In the morning, she wakes before Gene so that she can section the grapefruit and prepare his coffee, the grapefruit a rarity that will surprise him. Breakfast will be eggs and toast today, no bacon. Three eggs then. The meal has to last him until his bucket lunch. Ned Gardiner at the grocery store told her yesterday that bakers will now be making smaller bread loaves and one-crust pies as part of the Save Food for Europe campaign. Imagine. An entire continent, starving.



Gene never talks about his personal war as an engineer on B-17s, the one during which he got his ropy scar. The other husbands don’t either.



She can hear Gene giving himself a sponge bath in the tiny washroom they have squeezed between the two bedrooms upstairs. They bathe once a week in the tin tub Gene keeps on the screened-in porch and drags into the kitchen.

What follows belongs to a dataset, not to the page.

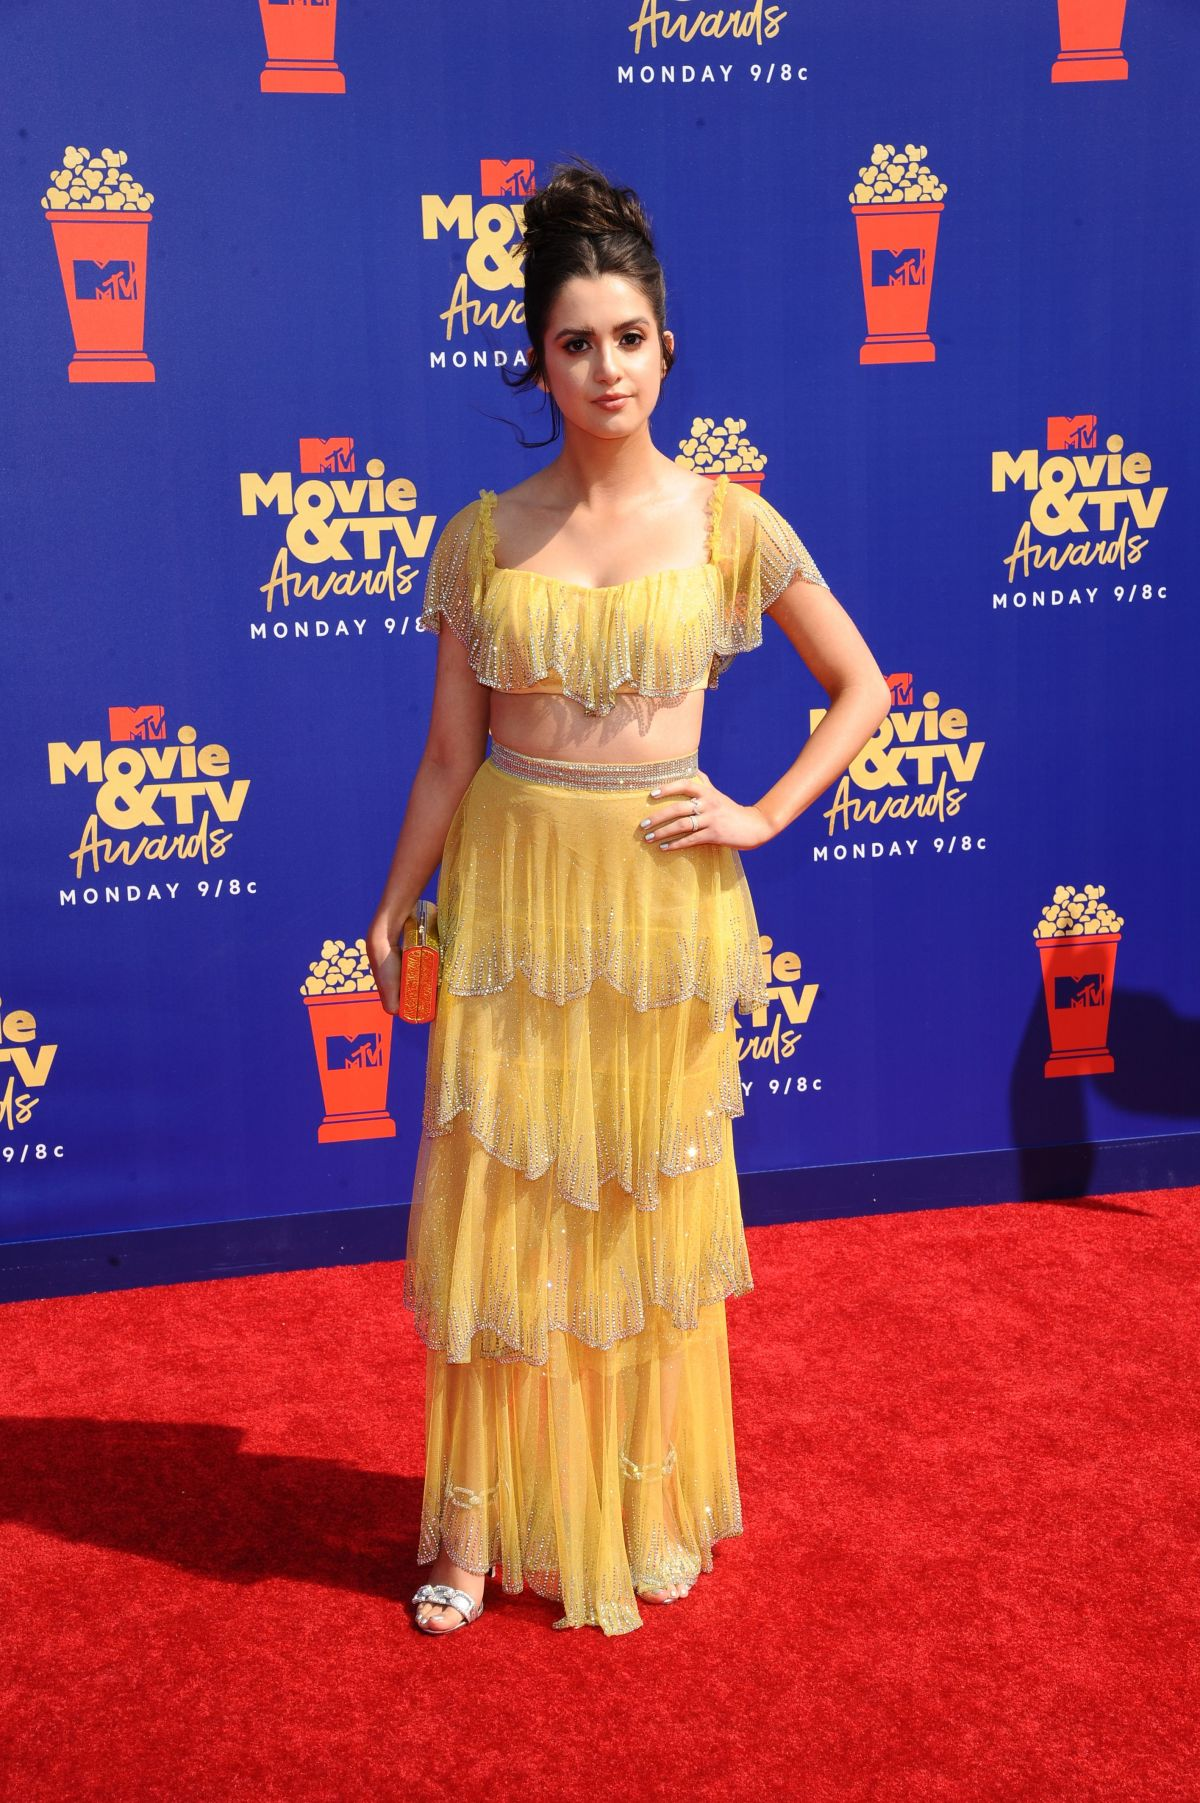 LAURA MARANO at 2019 MTV Movie & TV Awards in Los Angeles 06

He uses her bathwater because it’s too much of an effort to drag the tub out again and empty it onto the ground. Grace has thick brown hair that she cut short right after Tom was born. Gene wasn’t fond of the cut, but her mother thought the new look highlighted her cheekbones and large blue eyes. It was the only time Grace can remember that her mother called her beautiful, an exclamation that escaped her like a bee sting. Gene, when he first met Grace, described her as pretty, which she understood as a description less than beautiful.